··· Data excerpt
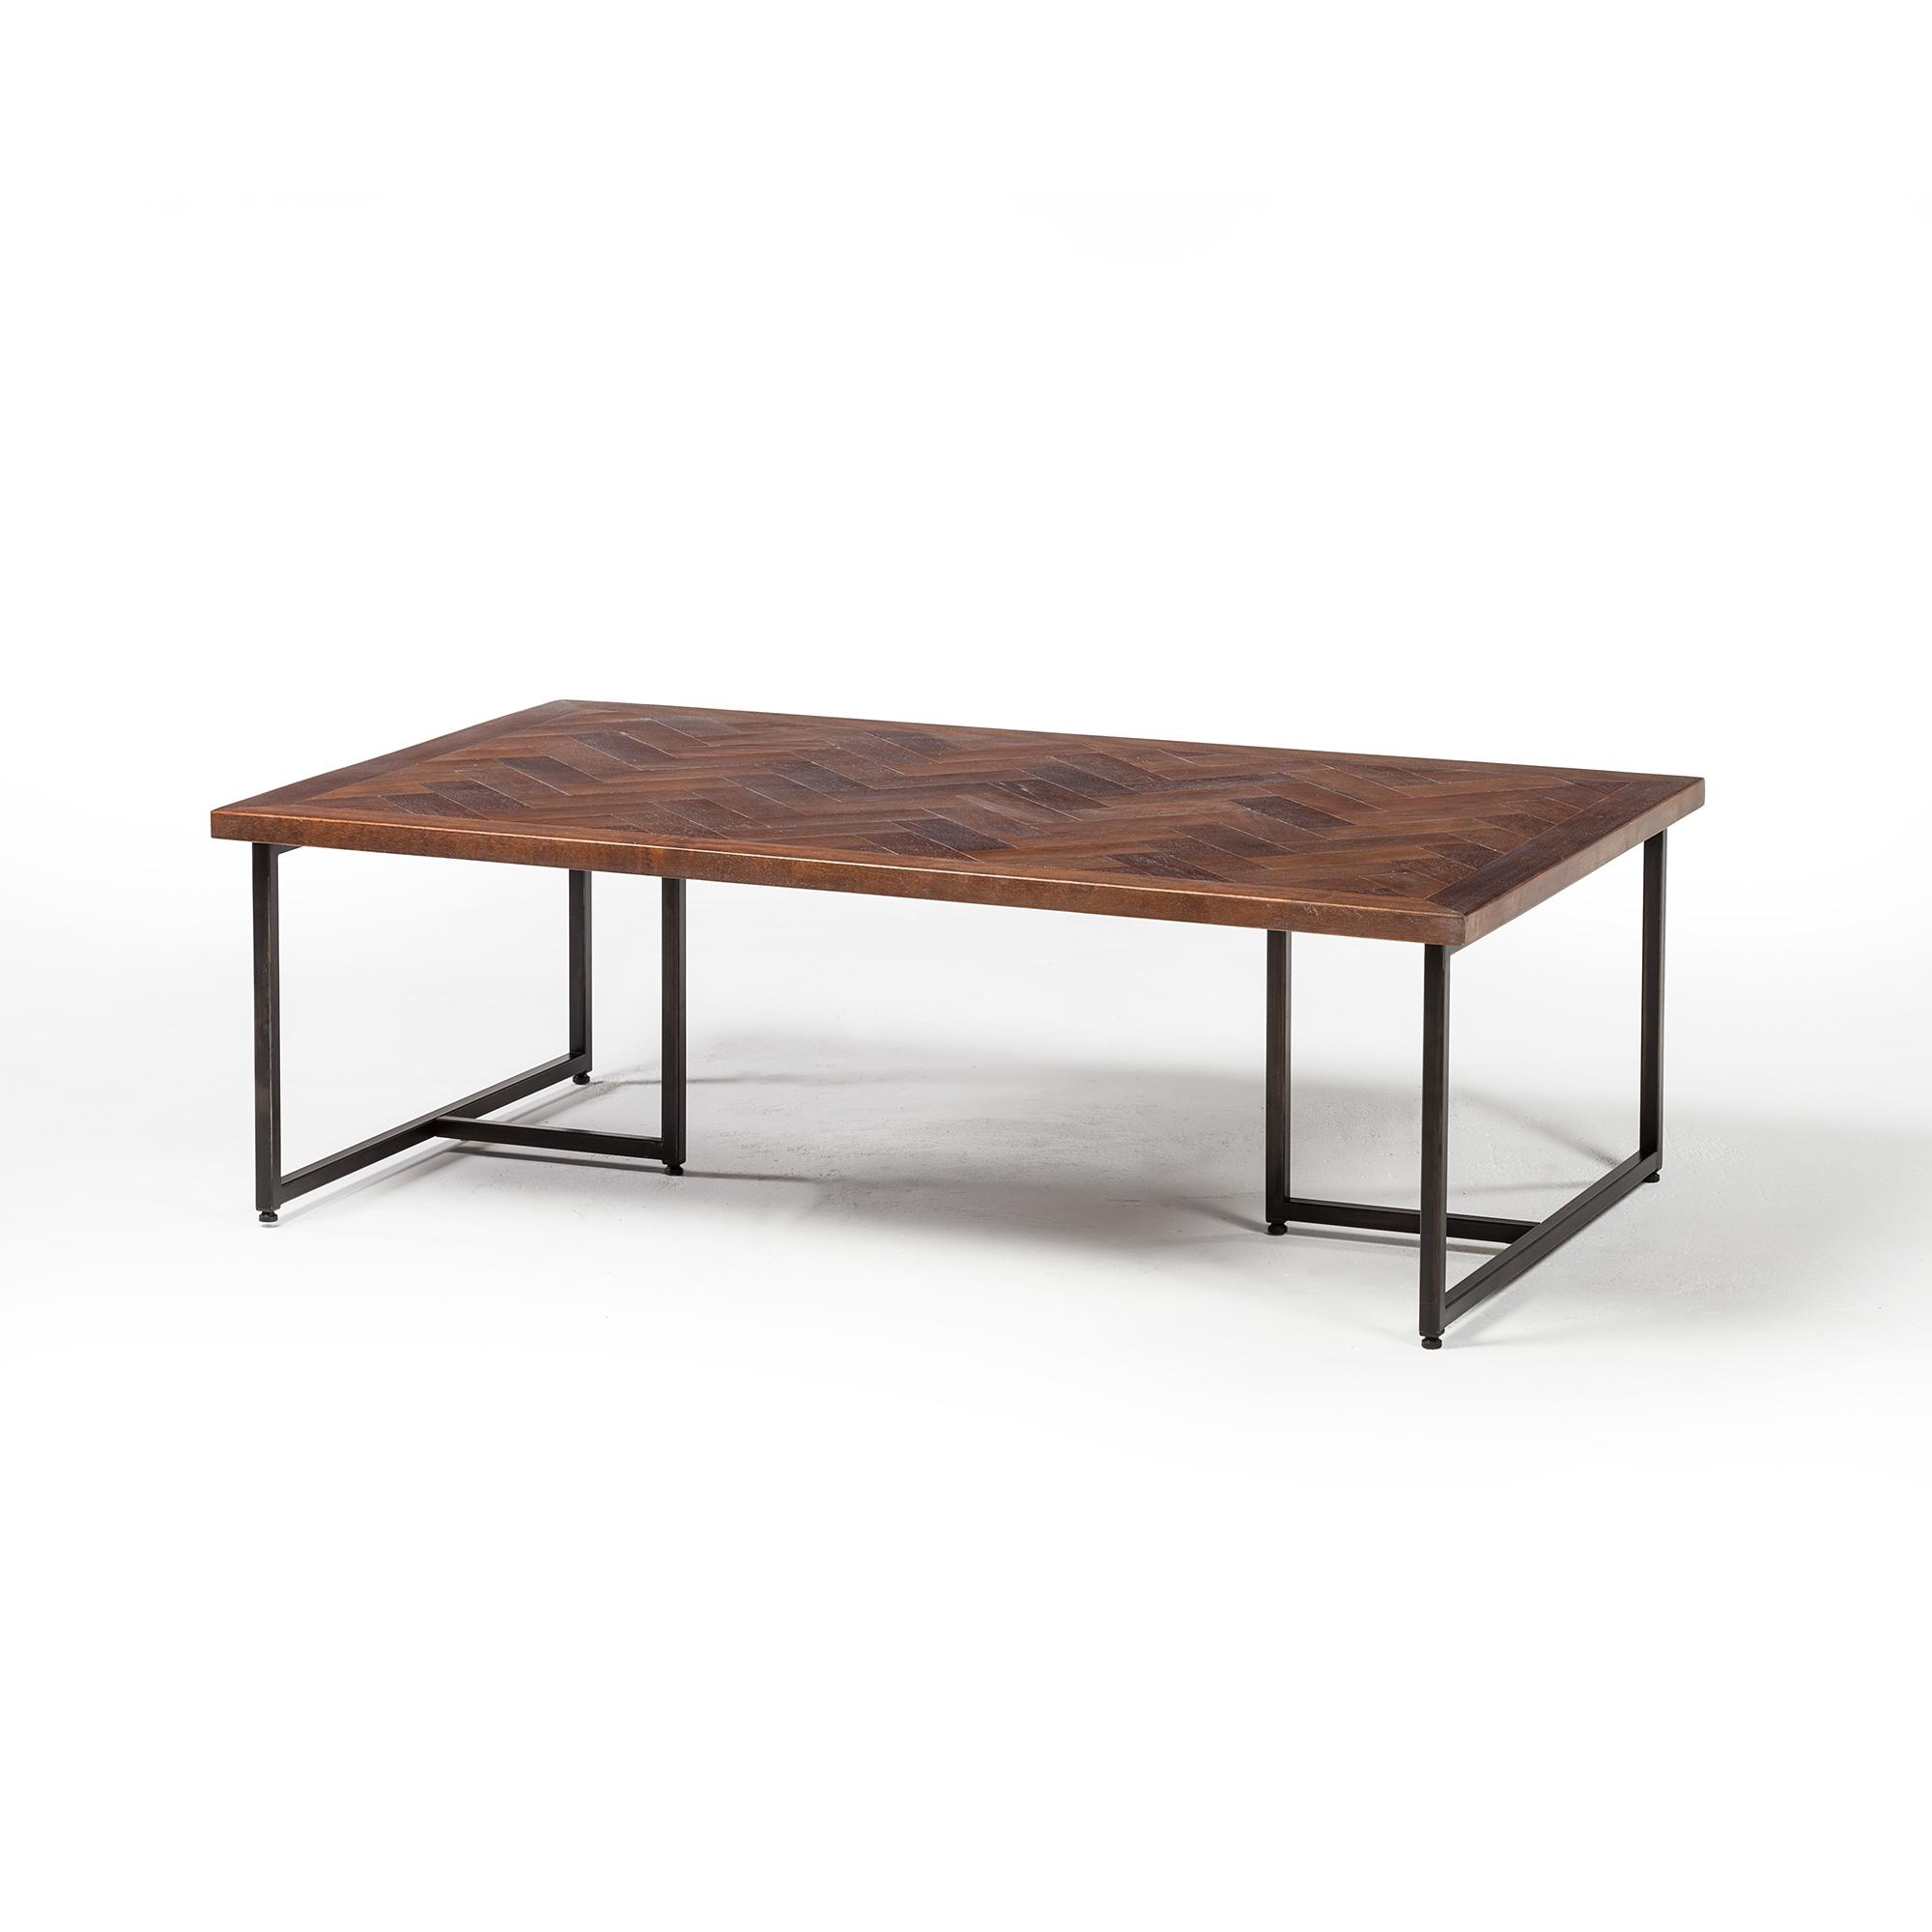 Herringbone Inlay Coffee Table The Khazana Home Furnishings
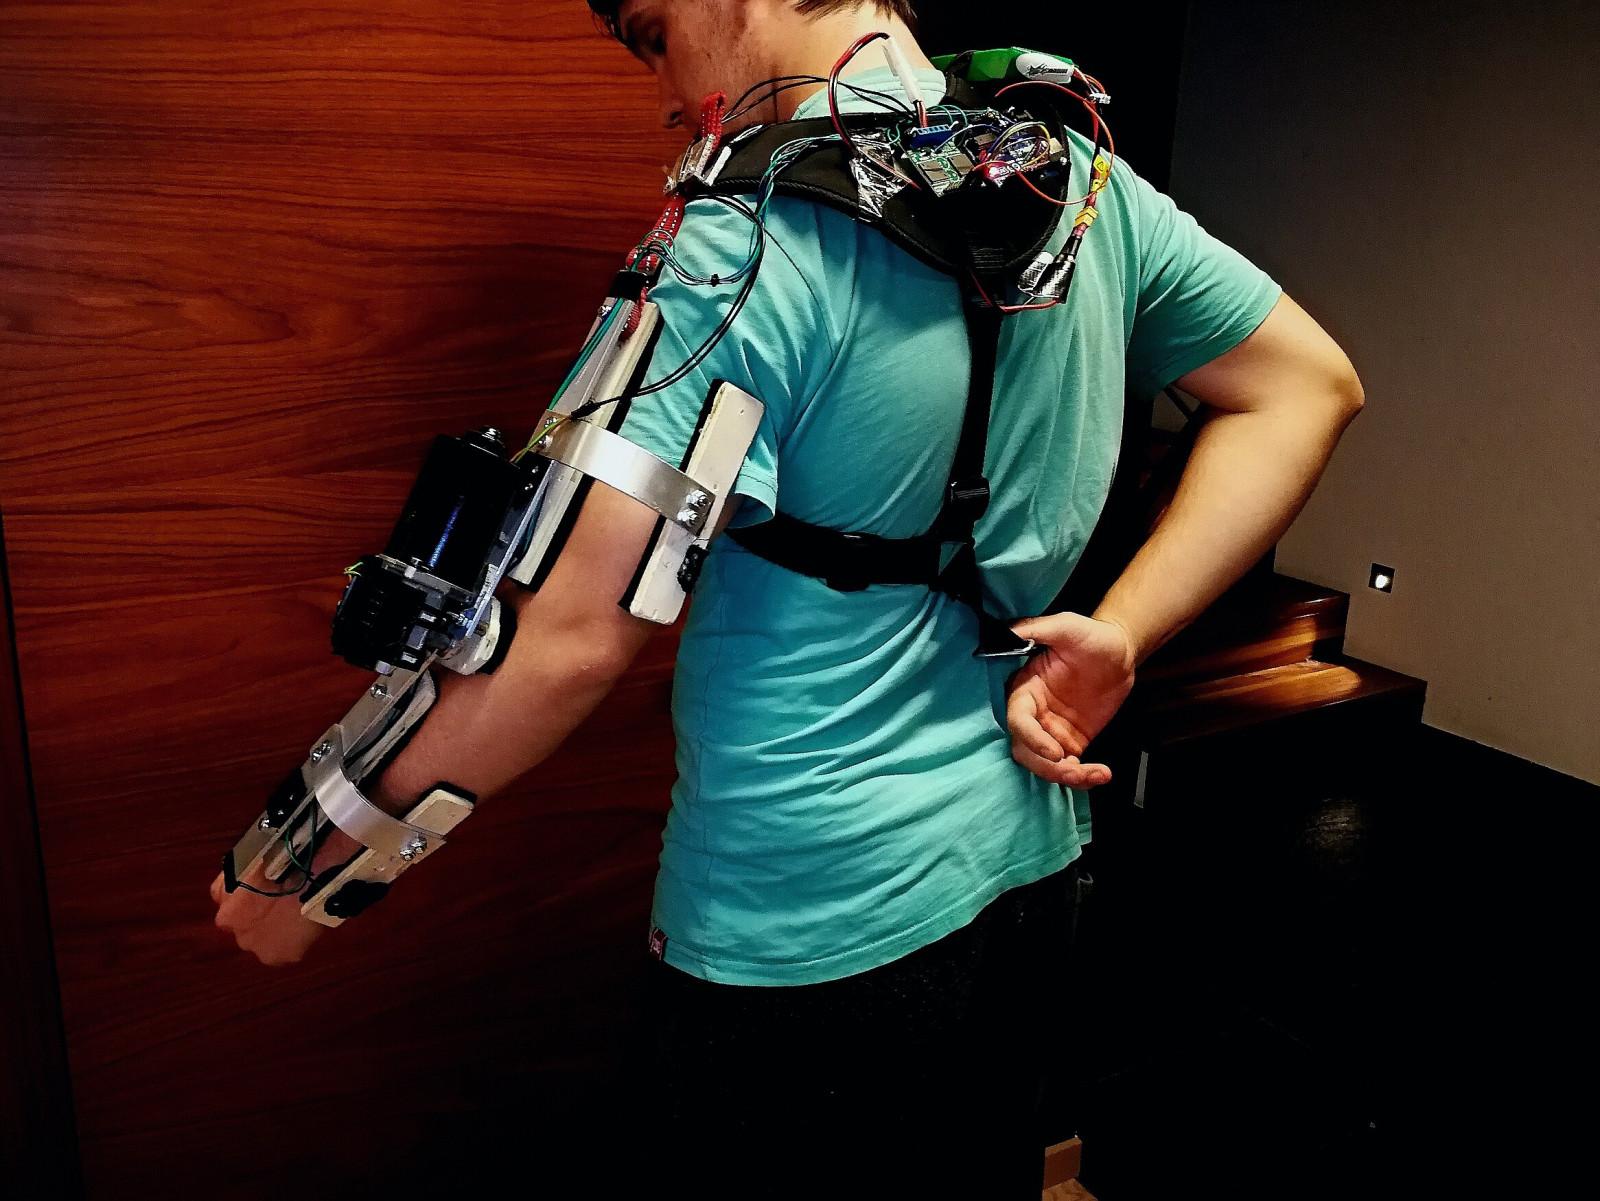 Arduino exoarm an powered assistive
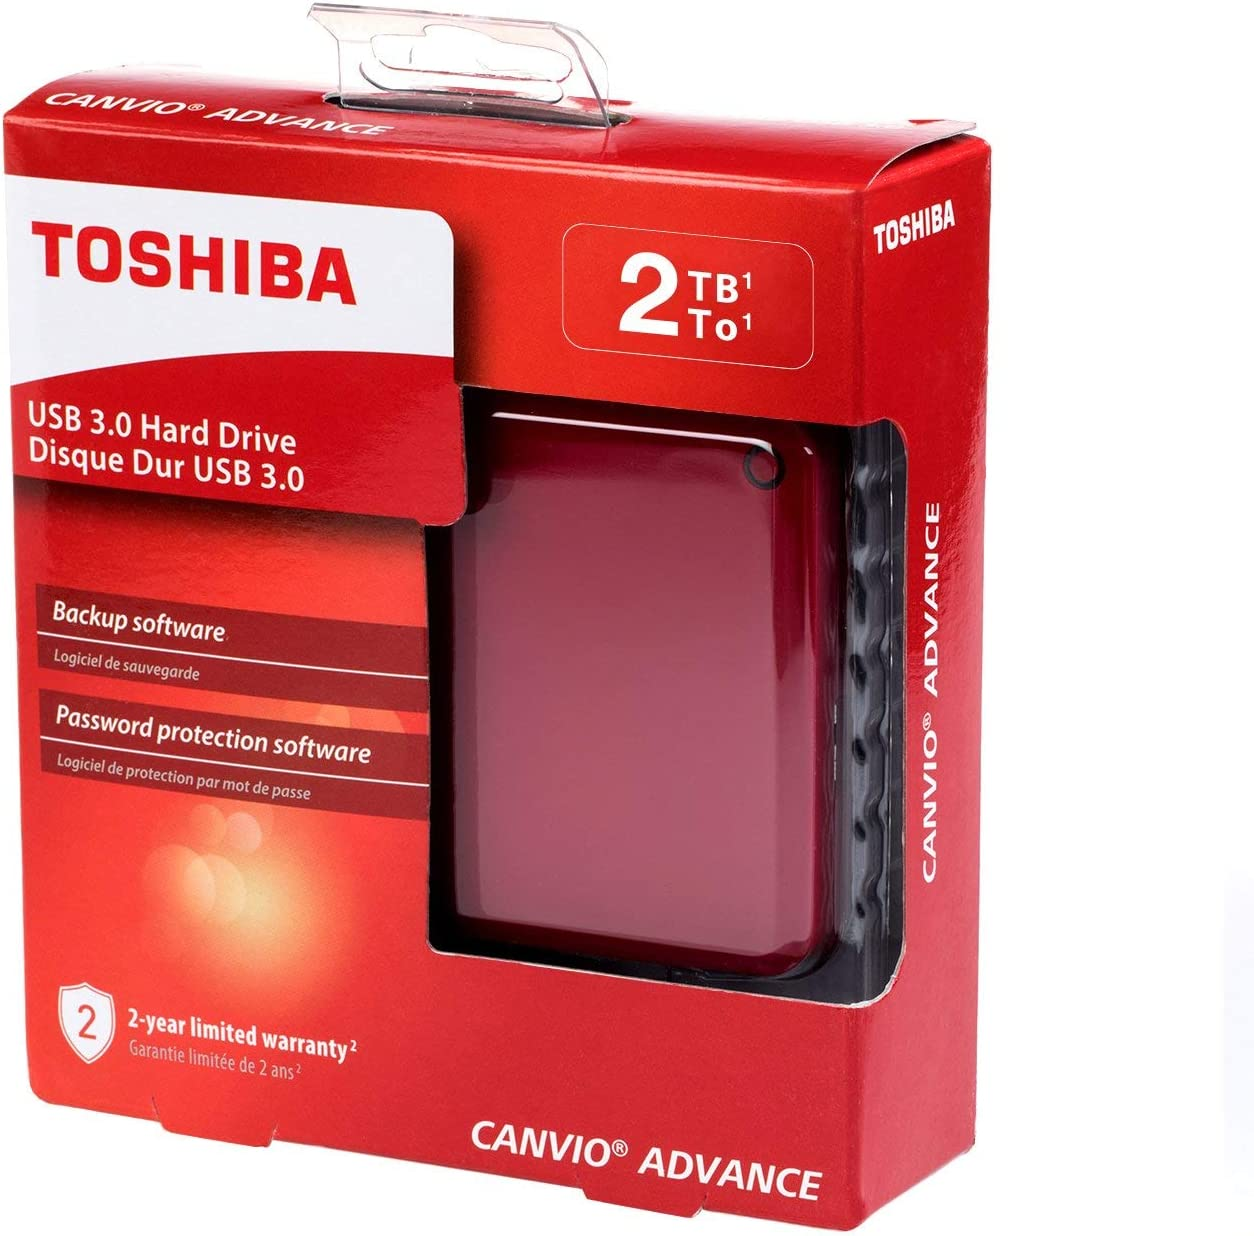 White Canvio Advance 4TB Portable External Hard Drive USB 3.0 Toshiba HDTC940XW3CA
······
Task item
From the line that contains "Arduino exoarm an powered assistive" down to the last line of the material above, every line must be repeated exactly, with pictures removed and both end lines included.

Exercise output
 Arduino exoarm an powered assistive
 White Canvio Advance 4TB Portable External Hard Drive USB 3.0 Toshiba HDTC940XW3CA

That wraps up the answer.